## Task goal
Of all the lines below, output only those starting at the one with "Clarity) - LinkagejewelrydesignLinkagejewelrydesign" and ending at the one with "Stomach Cancer Awareness - Black Case", both ends included, exactly as written.

*** Data section

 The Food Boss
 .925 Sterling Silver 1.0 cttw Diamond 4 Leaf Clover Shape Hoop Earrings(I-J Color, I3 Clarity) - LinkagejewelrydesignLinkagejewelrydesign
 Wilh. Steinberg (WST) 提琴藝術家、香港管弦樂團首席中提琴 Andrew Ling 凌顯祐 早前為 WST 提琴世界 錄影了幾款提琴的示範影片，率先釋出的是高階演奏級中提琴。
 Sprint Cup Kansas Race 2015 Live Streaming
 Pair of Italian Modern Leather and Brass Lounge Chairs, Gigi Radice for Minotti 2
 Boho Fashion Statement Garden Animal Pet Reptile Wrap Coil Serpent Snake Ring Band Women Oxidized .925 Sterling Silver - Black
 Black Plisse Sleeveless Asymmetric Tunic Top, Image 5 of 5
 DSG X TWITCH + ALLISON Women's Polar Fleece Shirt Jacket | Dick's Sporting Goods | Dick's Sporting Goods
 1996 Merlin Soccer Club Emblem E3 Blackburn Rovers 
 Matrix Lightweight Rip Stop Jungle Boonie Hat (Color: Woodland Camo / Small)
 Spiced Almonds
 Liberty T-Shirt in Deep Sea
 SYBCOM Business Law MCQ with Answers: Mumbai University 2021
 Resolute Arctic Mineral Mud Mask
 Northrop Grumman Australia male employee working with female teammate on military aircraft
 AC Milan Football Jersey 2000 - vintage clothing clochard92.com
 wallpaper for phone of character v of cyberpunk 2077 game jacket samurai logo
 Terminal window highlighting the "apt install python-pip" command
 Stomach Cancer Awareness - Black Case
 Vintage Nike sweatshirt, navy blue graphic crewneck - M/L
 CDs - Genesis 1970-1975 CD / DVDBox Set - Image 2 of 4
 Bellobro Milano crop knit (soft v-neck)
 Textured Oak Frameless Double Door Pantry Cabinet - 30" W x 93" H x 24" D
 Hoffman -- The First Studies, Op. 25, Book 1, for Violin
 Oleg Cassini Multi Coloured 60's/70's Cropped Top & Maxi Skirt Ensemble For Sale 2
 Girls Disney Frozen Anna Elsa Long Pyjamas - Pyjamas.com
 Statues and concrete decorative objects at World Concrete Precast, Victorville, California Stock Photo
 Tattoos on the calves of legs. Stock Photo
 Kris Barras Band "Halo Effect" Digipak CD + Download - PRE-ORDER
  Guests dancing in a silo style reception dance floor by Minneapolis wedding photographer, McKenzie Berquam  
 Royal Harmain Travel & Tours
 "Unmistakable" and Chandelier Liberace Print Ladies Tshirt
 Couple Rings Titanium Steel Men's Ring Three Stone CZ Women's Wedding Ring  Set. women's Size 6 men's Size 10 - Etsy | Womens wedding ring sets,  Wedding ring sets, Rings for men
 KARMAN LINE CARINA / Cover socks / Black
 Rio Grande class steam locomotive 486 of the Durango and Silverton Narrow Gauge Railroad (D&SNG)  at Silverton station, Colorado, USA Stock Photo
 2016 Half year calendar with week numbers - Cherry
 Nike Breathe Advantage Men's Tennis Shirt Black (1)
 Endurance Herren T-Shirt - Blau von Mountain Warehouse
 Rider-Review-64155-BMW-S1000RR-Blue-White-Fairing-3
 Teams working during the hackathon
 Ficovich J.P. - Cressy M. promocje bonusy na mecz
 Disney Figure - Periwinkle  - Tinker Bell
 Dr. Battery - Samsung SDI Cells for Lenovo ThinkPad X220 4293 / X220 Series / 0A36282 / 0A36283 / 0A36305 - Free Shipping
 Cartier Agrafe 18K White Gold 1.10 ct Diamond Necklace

******

## Exercise solution
 .925 Sterling Silver 1.0 cttw Diamond 4 Leaf Clover Shape Hoop Earrings(I-J Color, I3 Clarity) - LinkagejewelrydesignLinkagejewelrydesign
 Wilh. Steinberg (WST) 提琴藝術家、香港管弦樂團首席中提琴 Andrew Ling 凌顯祐 早前為 WST 提琴世界 錄影了幾款提琴的示範影片，率先釋出的是高階演奏級中提琴。
 Sprint Cup Kansas Race 2015 Live Streaming
 Pair of Italian Modern Leather and Brass Lounge Chairs, Gigi Radice for Minotti 2
 Boho Fashion Statement Garden Animal Pet Reptile Wrap Coil Serpent Snake Ring Band Women Oxidized .925 Sterling Silver - Black
 Black Plisse Sleeveless Asymmetric Tunic Top, Image 5 of 5
 DSG X TWITCH + ALLISON Women's Polar Fleece Shirt Jacket | Dick's Sporting Goods | Dick's Sporting Goods
 1996 Merlin Soccer Club Emblem E3 Blackburn Rovers 
 Matrix Lightweight Rip Stop Jungle Boonie Hat (Color: Woodland Camo / Small)
 Spiced Almonds
 Liberty T-Shirt in Deep Sea
 SYBCOM Business Law MCQ with Answers: Mumbai University 2021
 Resolute Arctic Mineral Mud Mask
 Northrop Grumman Australia male employee working with female teammate on military aircraft
 AC Milan Football Jersey 2000 - vintage clothing clochard92.com
 wallpaper for phone of character v of cyberpunk 2077 game jacket samurai logo
 Terminal window highlighting the "apt install python-pip" command
 Stomach Cancer Awareness - Black Case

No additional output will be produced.